Microwave hearing: evidence for thermoacoustic auditory stimulation by pulsed microwaves.
Abstract
Acoustic transients can be thermally generated in water by pulsed microwave energy. The peak pressure level of these transients, measured within the audible frequency band as a function of the microwave pulse parameters, is adequate to explain the "clicks" heard by people exposed to microwave radiation.
AI evidence extraction
At a glance
Study type
Other
Effect direction
unclear
Population
—
Sample size
—
Exposure
microwave
Evidence strength
Insufficient
Confidence: 62%
· Peer-reviewed: yes
Main findings
Pulsed microwave energy can thermally generate acoustic transients in water. The measured peak pressure levels within the audible frequency band were reported as adequate to explain clicks heard by people exposed to microwave radiation.
Outcomes measured
- microwave hearing (auditory clicks)
- thermoacoustic acoustic transients/pressure within audible band
Limitations
- No population/sample size described in the abstract.

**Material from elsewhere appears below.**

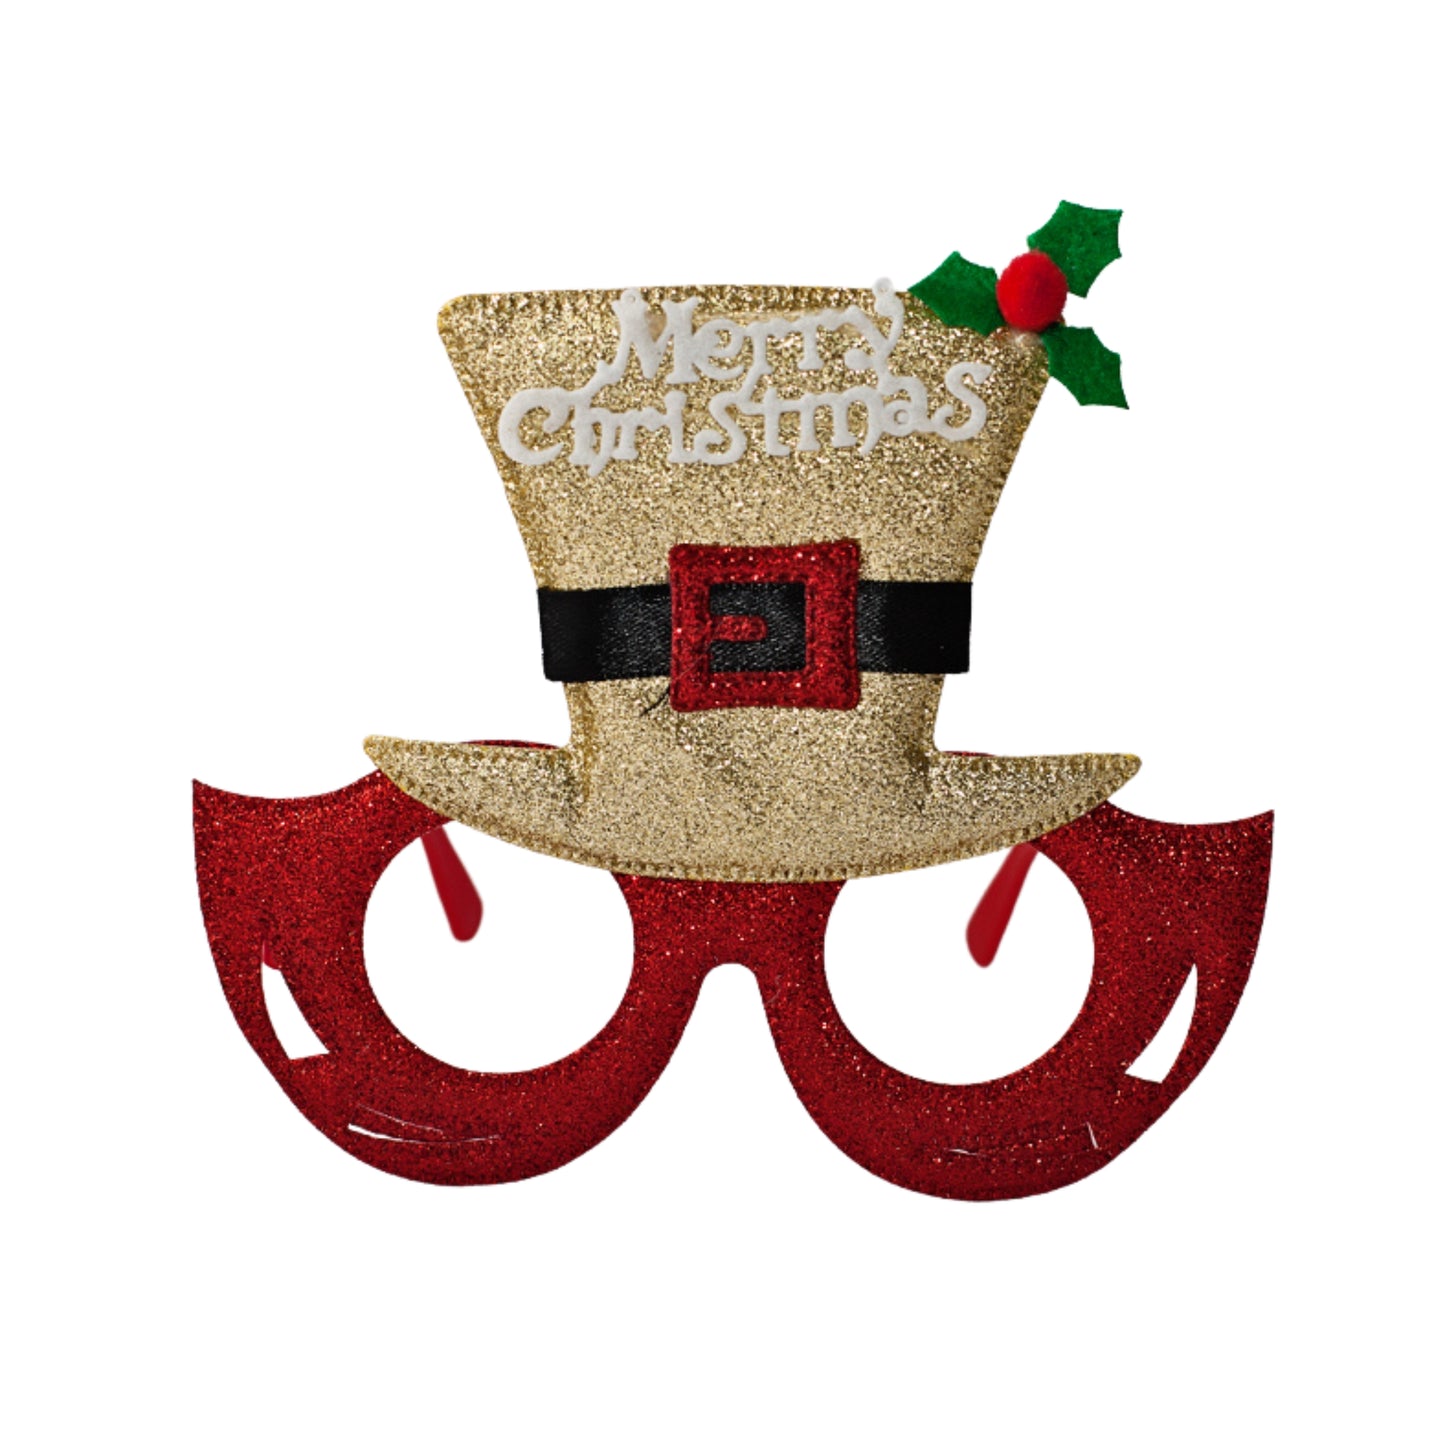 Merry Christmas Glasses - Red

- Exposure frequency, intensity (e.g., SAR), and duration are not specified in the abstract.
- Study design and experimental details are not provided in the abstract.
View raw extracted JSON
{
"study_type": "other",
"exposure": {
"band": "microwave",
"source": null,
"frequency_mhz": null,
"sar_wkg": null,
"duration": null
},
"population": null,
"sample_size": null,
"outcomes": [
"microwave hearing (auditory clicks)",
"thermoacoustic acoustic transients/pressure within audible band"
],
"main_findings": "Pulsed microwave energy can thermally generate acoustic transients in water. The measured peak pressure levels within the audible frequency band were reported as adequate to explain clicks heard by people exposed to microwave radiation.",
"effect_direction": "unclear",
"limitations": [
"No population/sample size described in the abstract.",
"Exposure frequency, intensity (e.g., SAR), and duration are not specified in the abstract.",
"Study design and experimental details are not provided in the abstract."
],
"evidence_strength": "insufficient",
"confidence": 0.61999999999999999555910790149937383830547332763671875,
"peer_reviewed_likely": "yes",
"keywords": [
"microwave hearing",
"thermoacoustic",
"pulsed microwaves",
"auditory clicks",
"acoustic transients",
"pressure level",
"water"
],
"suggested_hubs": []
}
AI can be wrong. Always verify against the paper.
AI-extracted fields are generated from the abstract/metadata and may be incomplete or incorrect.
This content is for informational purposes only and is not medical advice.